Данные представляют собой названия продуктов камеры и объективов.
У меня есть 55 000 записей в таблице продуктов, и я хочу сравнить их каждую с чистым набором основных записей 3500, поэтому я знаю, что они представляют для предоставления дополнительной информации .
Таблица продуктов обновляется ежедневно, когда она теряет и набирает несколько тысяч записей, производительность имеет значение.
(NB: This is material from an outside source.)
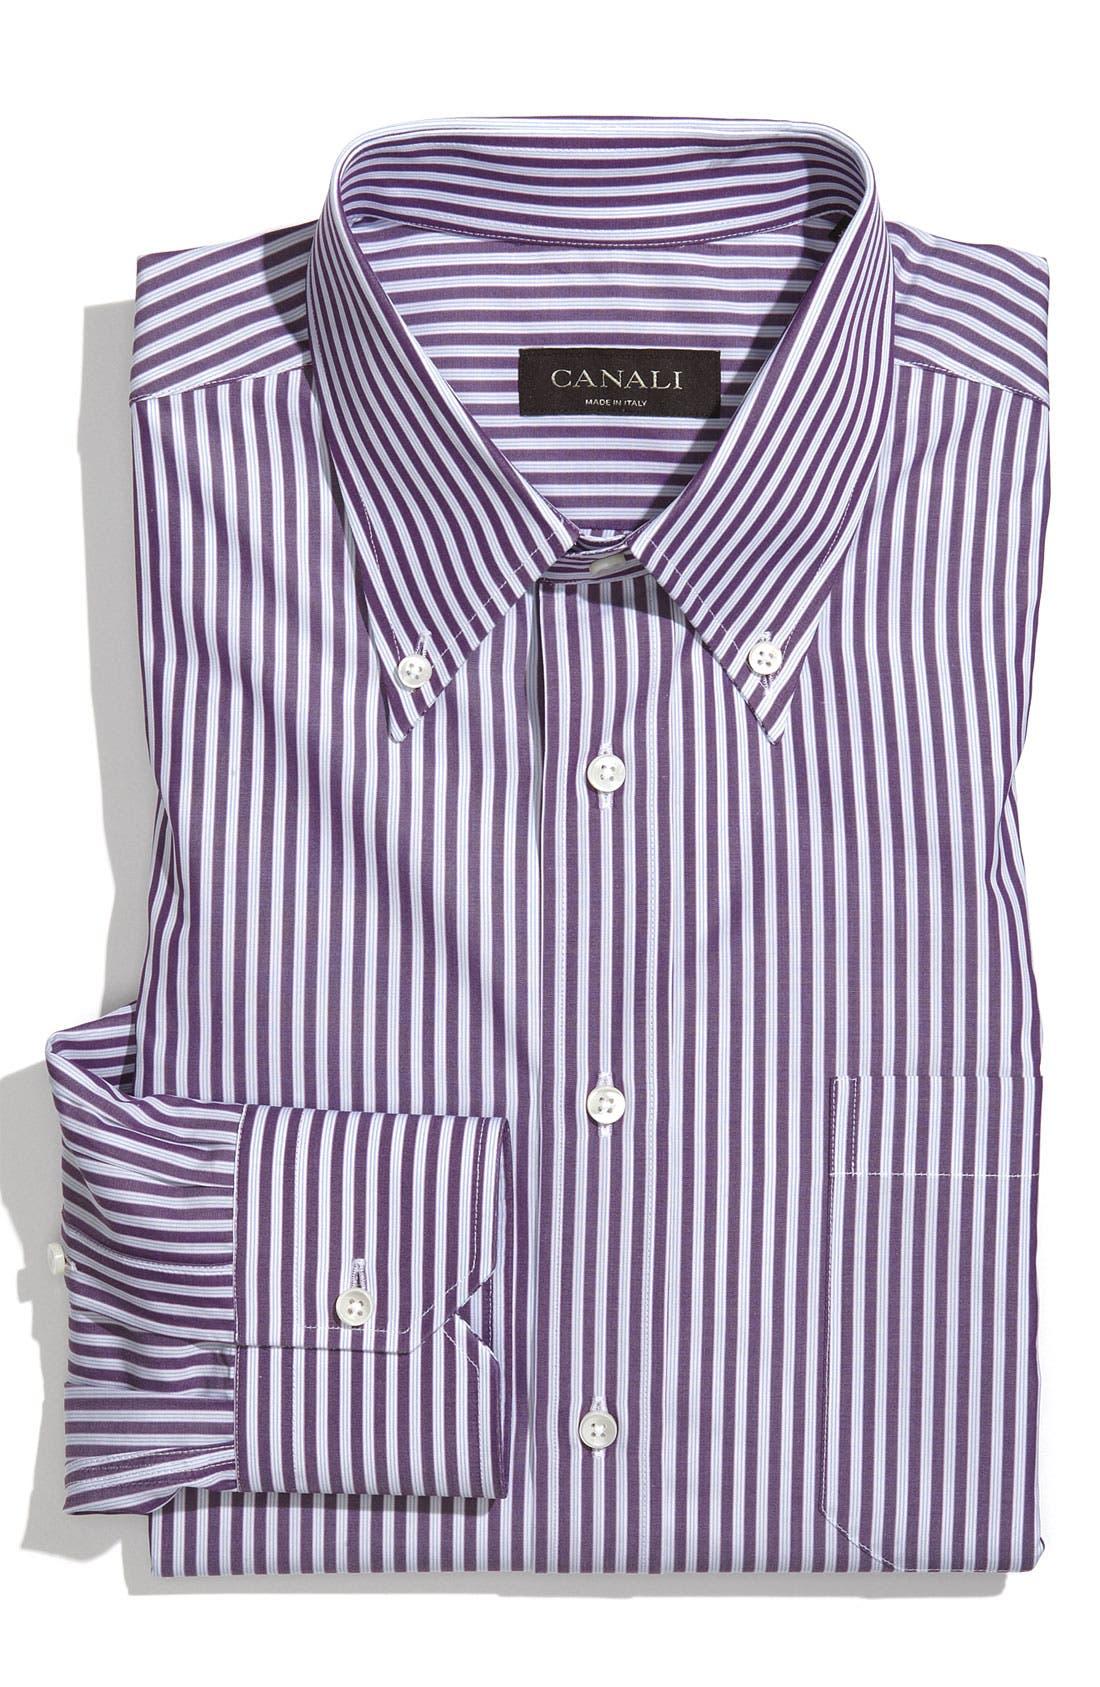 Alternate Image 1 Selected - Canali Regular Fit Dress Shirt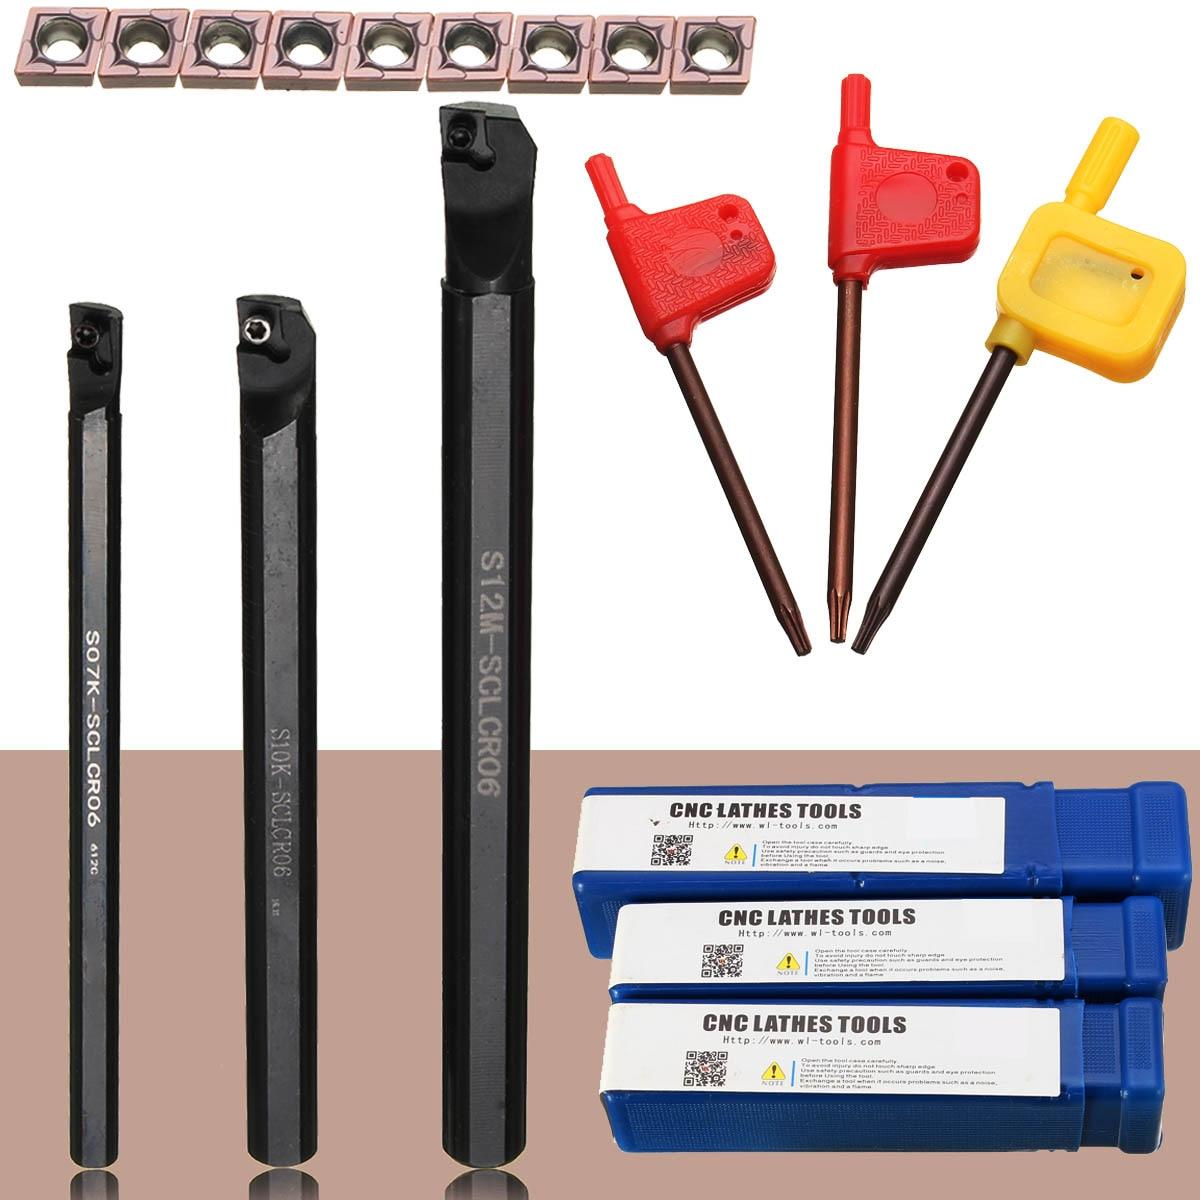 1pcs S07K SCLCR06+1pcs S10K SCLCR06+1pcs S12M SCLCR06 Lathe Holder Turning Tool Boring Bar 7/10/12mm + 10pcs CCMT0602 Inserts|Turning Tool| |  - title=

Вот пример данных, с которыми я работаю, эти 5 записей
Canon 45MM 2.8 TSE
Canon 45mm F2.8 TS-E
Canon 45mm F/2.8L Tilt-Shift - Boxed
Canon EF TS-E 45mm f/2.8 Tilt-shift Black Lens
Canon TS-e 45mm f2.8 Lens - Unboxed
все должно соответствовать основной записи
Canon TS-E 45mm f/2.8
Я пробовал полнотекстовый поиск для сравнения строк, это было очень быстро, но результаты были плохими.
Затем я попробовал эта функция расстояния Левенштейна https://lucidar.me/en/web-dev/levenshtein-distance-in-mysql/
Каждое сравнение (1 запись против 3500 основных записей) может занять 30-60 секунд, результаты лучше. Некоторые примеры.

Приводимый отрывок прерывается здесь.